◆ Task details: Only the opening lines of the listing, through the one with "革靴コーナーに目をやると...", are to be retyped, each exactly as it stands.

◆ Material for this task:
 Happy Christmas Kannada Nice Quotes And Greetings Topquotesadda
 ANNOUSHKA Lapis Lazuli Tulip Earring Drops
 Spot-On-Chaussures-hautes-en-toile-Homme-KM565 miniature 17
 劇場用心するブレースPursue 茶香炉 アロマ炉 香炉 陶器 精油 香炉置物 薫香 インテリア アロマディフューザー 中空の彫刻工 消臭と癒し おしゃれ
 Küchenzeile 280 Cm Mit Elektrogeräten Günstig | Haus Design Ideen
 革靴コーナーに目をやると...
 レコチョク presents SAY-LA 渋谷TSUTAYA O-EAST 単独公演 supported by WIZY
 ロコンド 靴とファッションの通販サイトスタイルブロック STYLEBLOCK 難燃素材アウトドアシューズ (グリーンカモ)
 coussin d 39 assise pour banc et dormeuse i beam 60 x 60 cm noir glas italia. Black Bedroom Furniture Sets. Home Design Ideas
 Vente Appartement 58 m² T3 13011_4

◆ Written answer:
 Happy Christmas Kannada Nice Quotes And Greetings Topquotesadda
 ANNOUSHKA Lapis Lazuli Tulip Earring Drops
 Spot-On-Chaussures-hautes-en-toile-Homme-KM565 miniature 17
 劇場用心するブレースPursue 茶香炉 アロマ炉 香炉 陶器 精油 香炉置物 薫香 インテリア アロマディフューザー 中空の彫刻工 消臭と癒し おしゃれ
 Küchenzeile 280 Cm Mit Elektrogeräten Günstig | Haus Design Ideen
 革靴コーナーに目をやると...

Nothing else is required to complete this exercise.